The worst of such teaching was, that it had no order and no system. Its philology was ridiculous, and it did nothing to work the reasoning powers. Learning foreign languages, as a child learns its own, is mostly a work of pure memory, which acquires, after childhood, every artificial assistance possible. My system of learning a language in two months was purely my own invention, and thoroughly suited myself. I got a simple grammar and vocabulary, marked out the forms and words which I knew were absolutely necessary, and learnt them by heart by carrying them in my pocket and looking over them at spare moments during the day. I never worked more than a quarter of an hour at a time, for after that the brain lost its freshness. After learning some three hundred words, easily done in a week, I stumbled through some easy book-work (one of the Gospels is the most come-atable), and underlined every word that I wished to recollect, in order to read over my pencillings at least once a day. Having finished my volume, I then carefully worked up the grammar minutiæ, and I then chose some other book whose subject most interested me. The neck of the language was now broken, and progress was rapid. If I came across a new sound like the Arabic Ghayn, I trained my tongue to it by repeating it so many thousand times a day. When I read, I invariably read out loud, so that the ear might aid memory. I was delighted with the most difficult characters, Chinese and Cuneiform, because I felt that they impressed themselves more strongly upon the eye than the eternal Roman letters. This, by-and-by, made me resolutely stand aloof from the hundred schemes for transliterating Eastern languages, such as Arabic, Sanscrit, Hebrew, and Syriac, into Latin letters, and whenever I conversed with anybody in a language that I was learning, I took the trouble to repeat their words inaudibly after them, and so to learn the trick of pronunciation and emphasis.
The changes which followed 1840 made an important difference in the value of fellowships. They were harder to get and harder to keep. They were no longer what the parlous and supercilious youth defined them, "An admirable provision for the indigent members of the middle classes." The old half-monk disappeared, or rather he grew his moustachios, and passed his vacations "sur le Continong." But something still remains to be done.

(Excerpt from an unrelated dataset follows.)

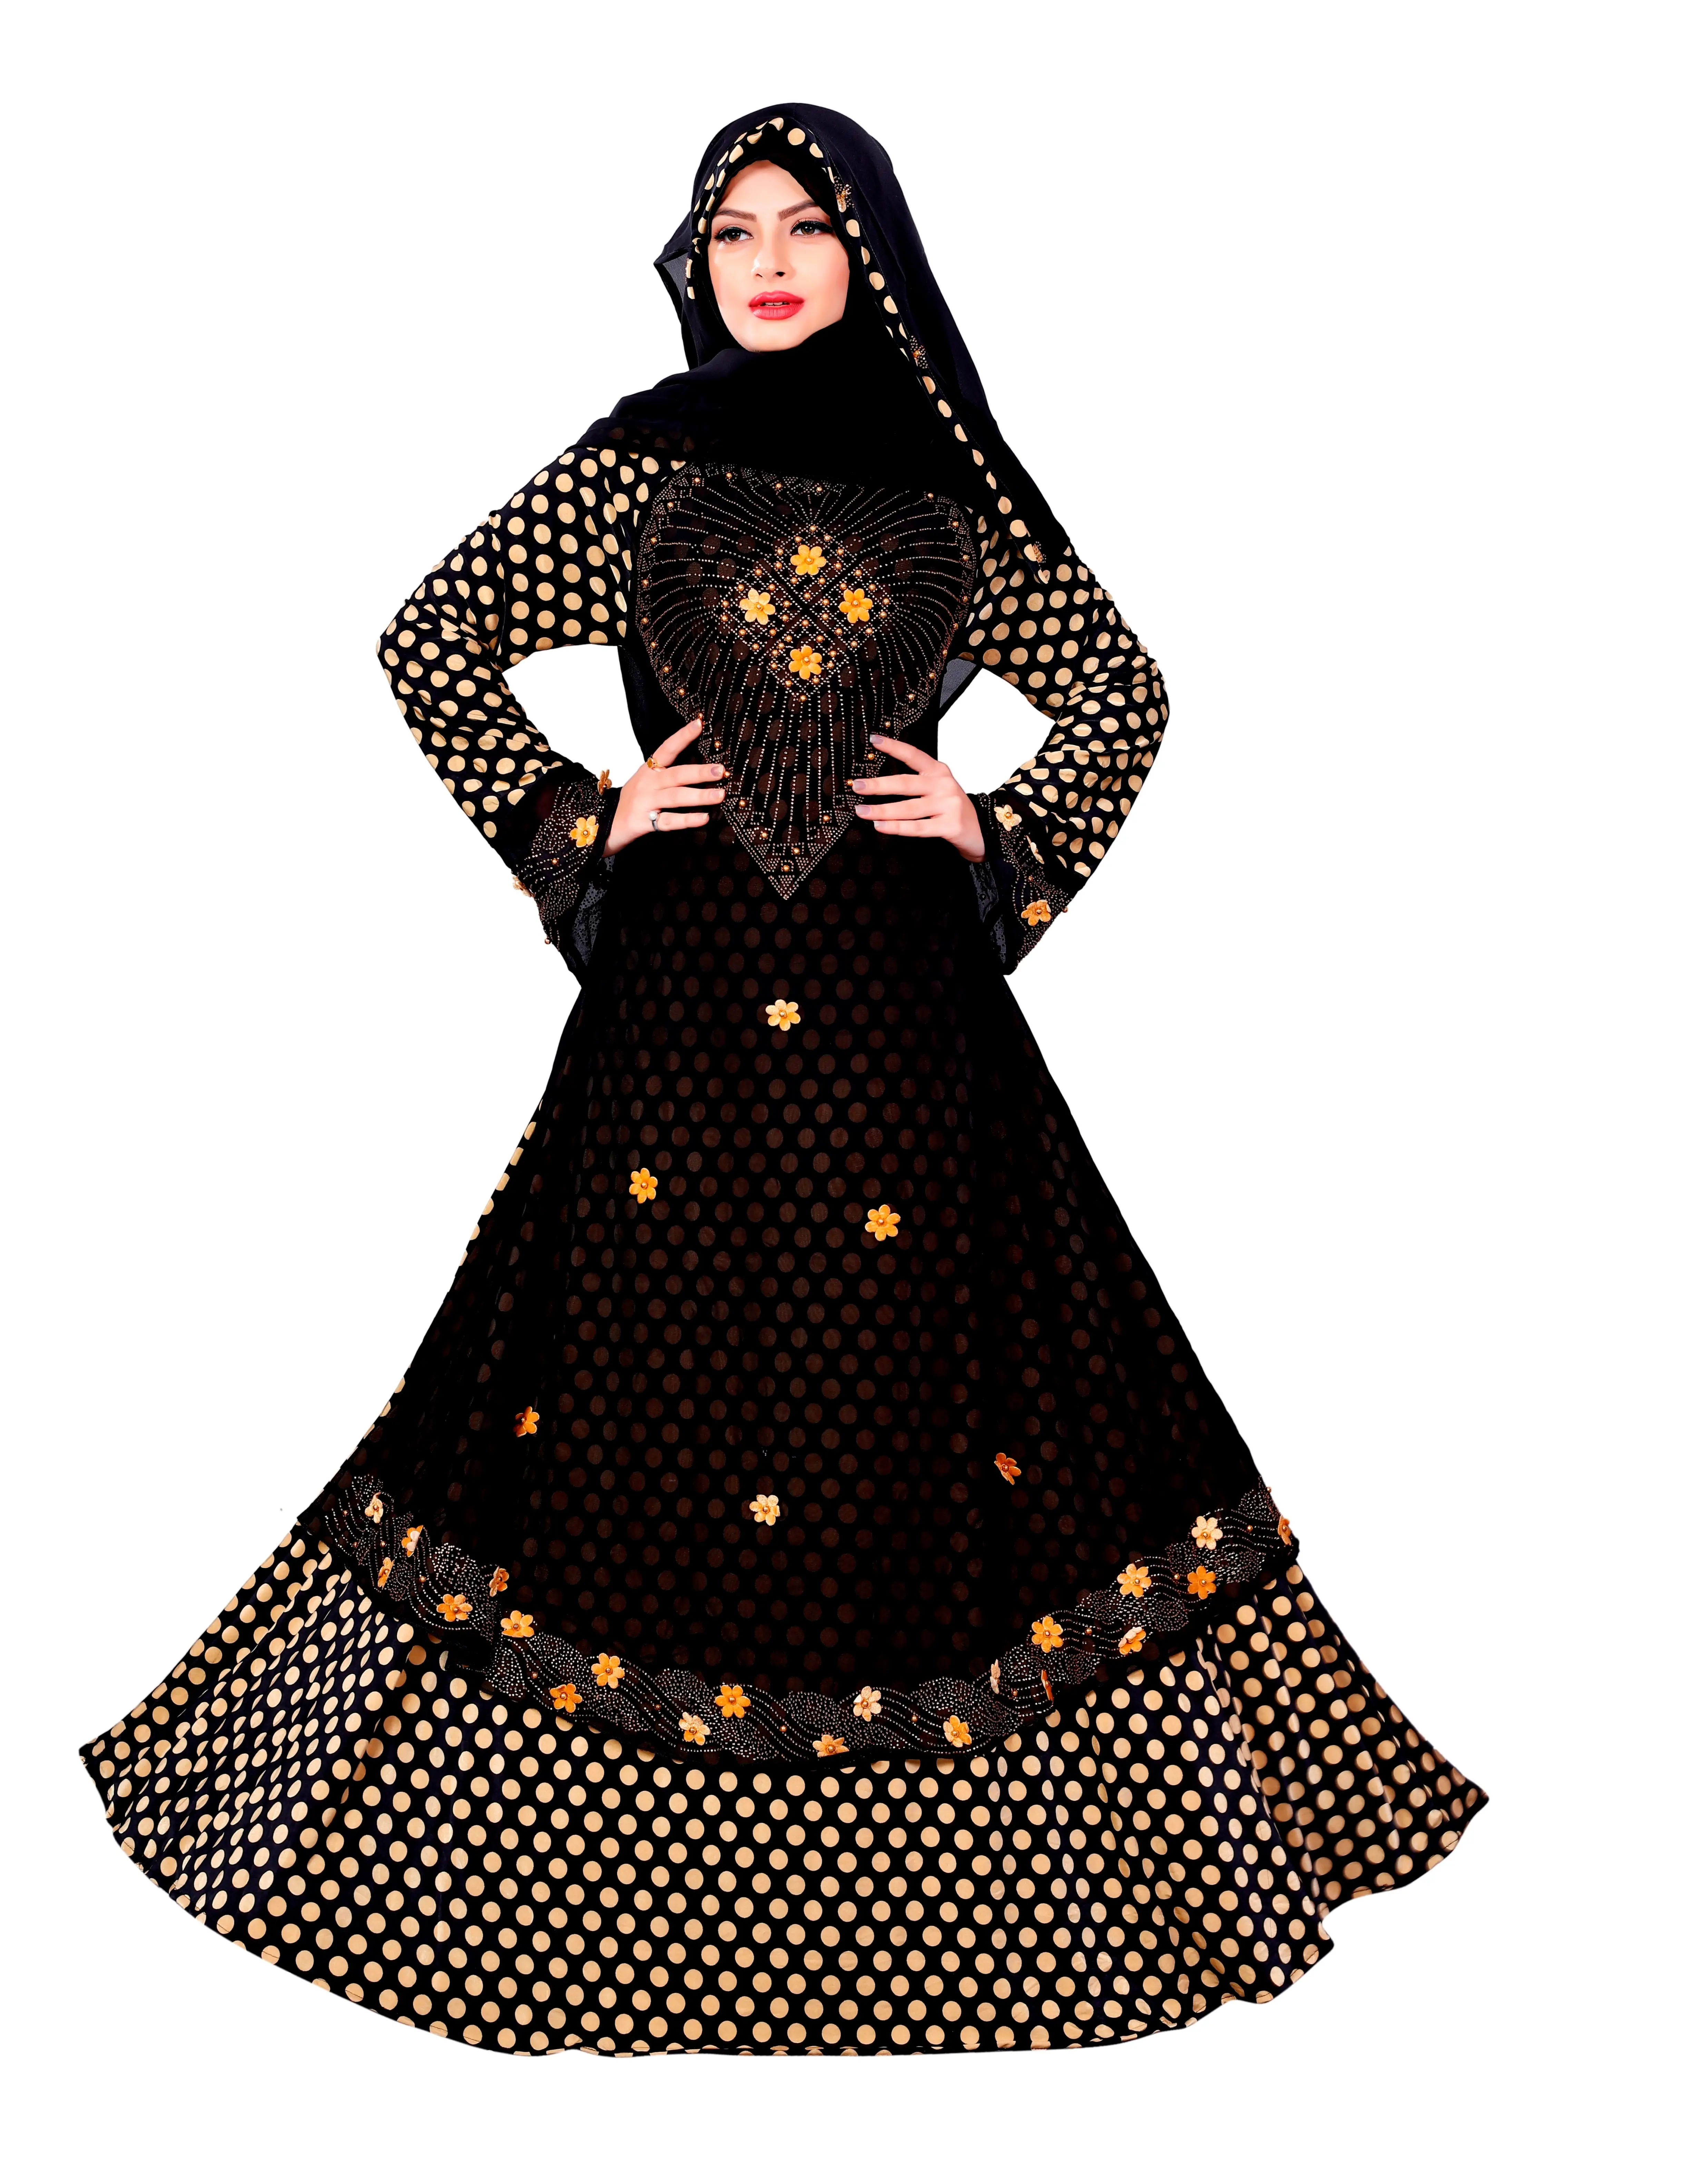 In Kiểu Chấm Bi Lykra + Chiffon Abaya Burqa Với Kiểu Thắt Lưng Và Khăn Hijab

It is a scandal to meet abroad in diplomacy, and other professions, a gentleman belonging to the bene nati, bene vestiti, modice docti of "All Souls'," drawing, moreover, his pay for doing nothing. The richest University in the world is too poor to afford the host of professors still required, and it is a disgrace that an English University, whose name means the acquisition of universal knowledge, should not be able to teach Cornish, Gaelic, Welsh, and Irish, the original languages of the island. Again, the endowment of research, a sine quâ non, is simply delayed because money is not forthcoming. A little sensible economy would remedy this, and make Oxford what she ought to be, a Seat of Learning—not, as the old fellows of Christ Church define it, "A place to make rather ignorant gentlemen." The competition fellowships at Oxford were started in 1854, which changed the whole condition of things.

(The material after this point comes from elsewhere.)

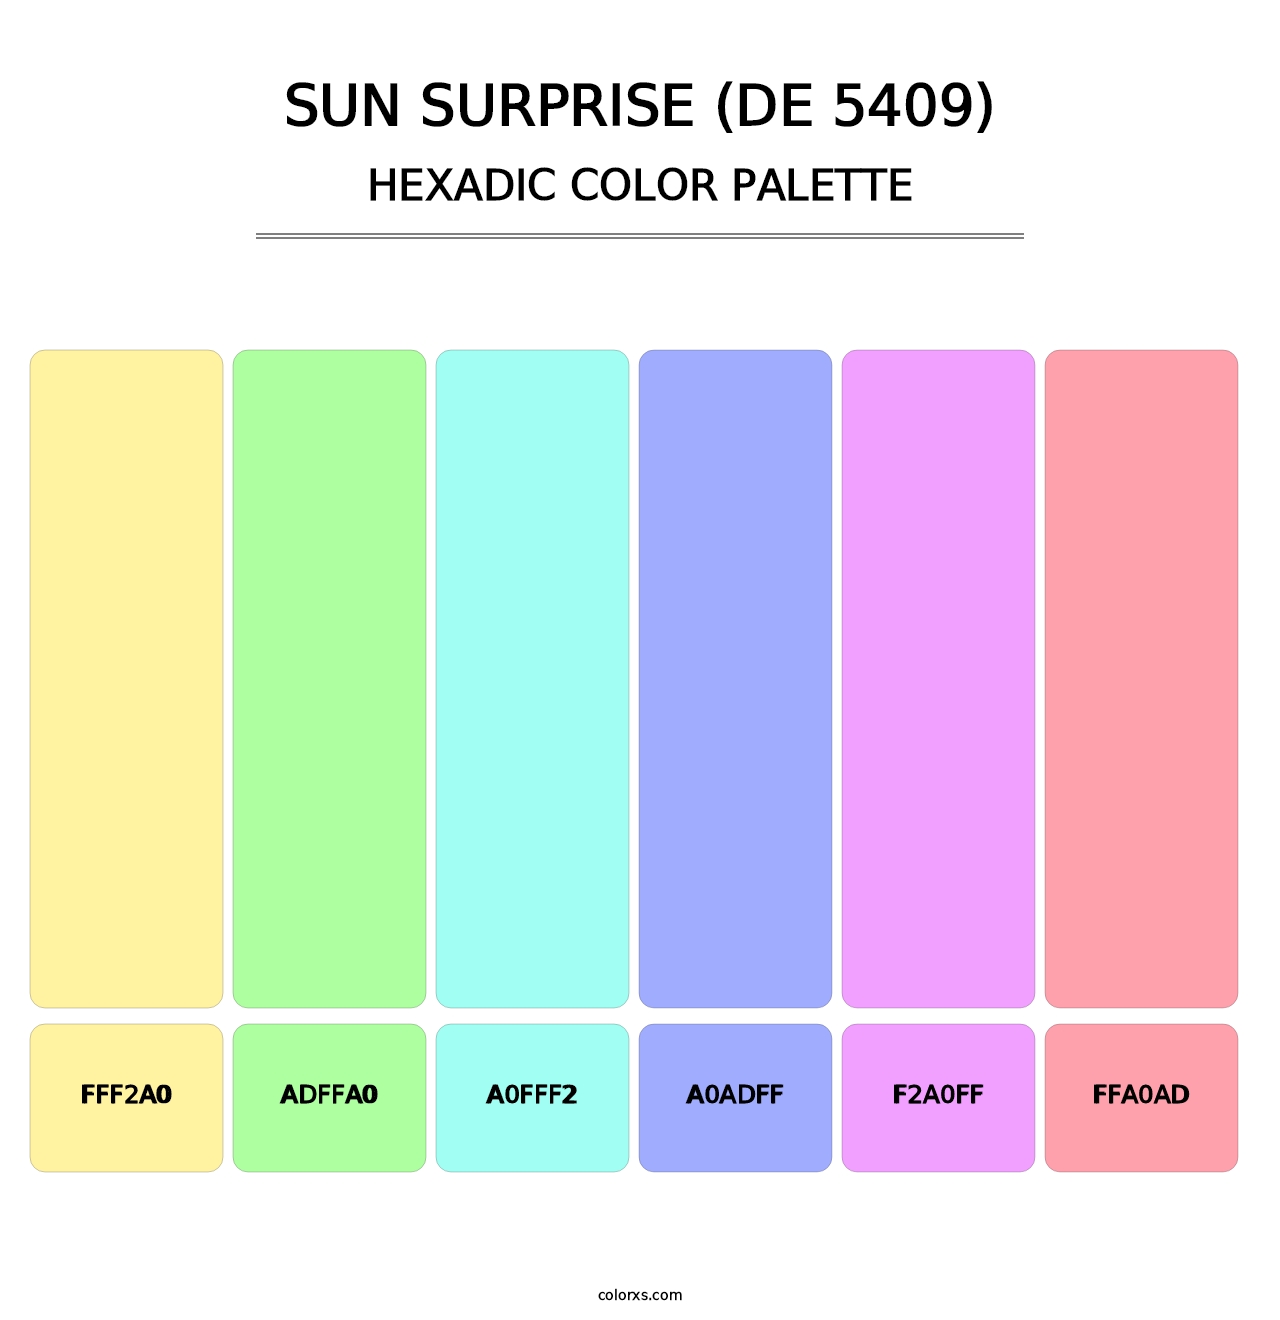 Sun Surprise (DE 5409) - Hexadic Color Palette

During this term I formally gave up my intention to read for a first class. Aut primus aut nullus was ever my motto, and though many second-class men have turned out better than many first-class men, I did not care to begin life with a failure. I soon ascertained the fact that men who may rely upon first classes are bred to it from their childhood, even as horses and dogs are trained. They must not waste time and memory upon foreign tongues. They must not dissipate their powers of brain upon anything like general education. They may know the -isms, but they must be utterly ignorant of the -ologies; but, above all things, they must not indulge themselves with what is popularly called "The World." They must confine themselves to one straight line, a college curriculum, and even then they can never be certain of success. At the very moment of gaining the prize their health may break down, and compel them to give up work. I surprised Dr. Greenhill by my powers of memory when I learned Adam's "Antiquities" by heart. But the doctor, who had not taken a class himself, threw cold water on my ambition—perhaps the best thing he could do—and frankly told me that, though I could take a first class, he could by no means answer that I would. The fellows of Trinity were nice gentlemanly men, but I by no means wished to become one of the number. My father had set his heart upon both sons being provided for by the Universities, and very often "when fathers propose, sons dispose."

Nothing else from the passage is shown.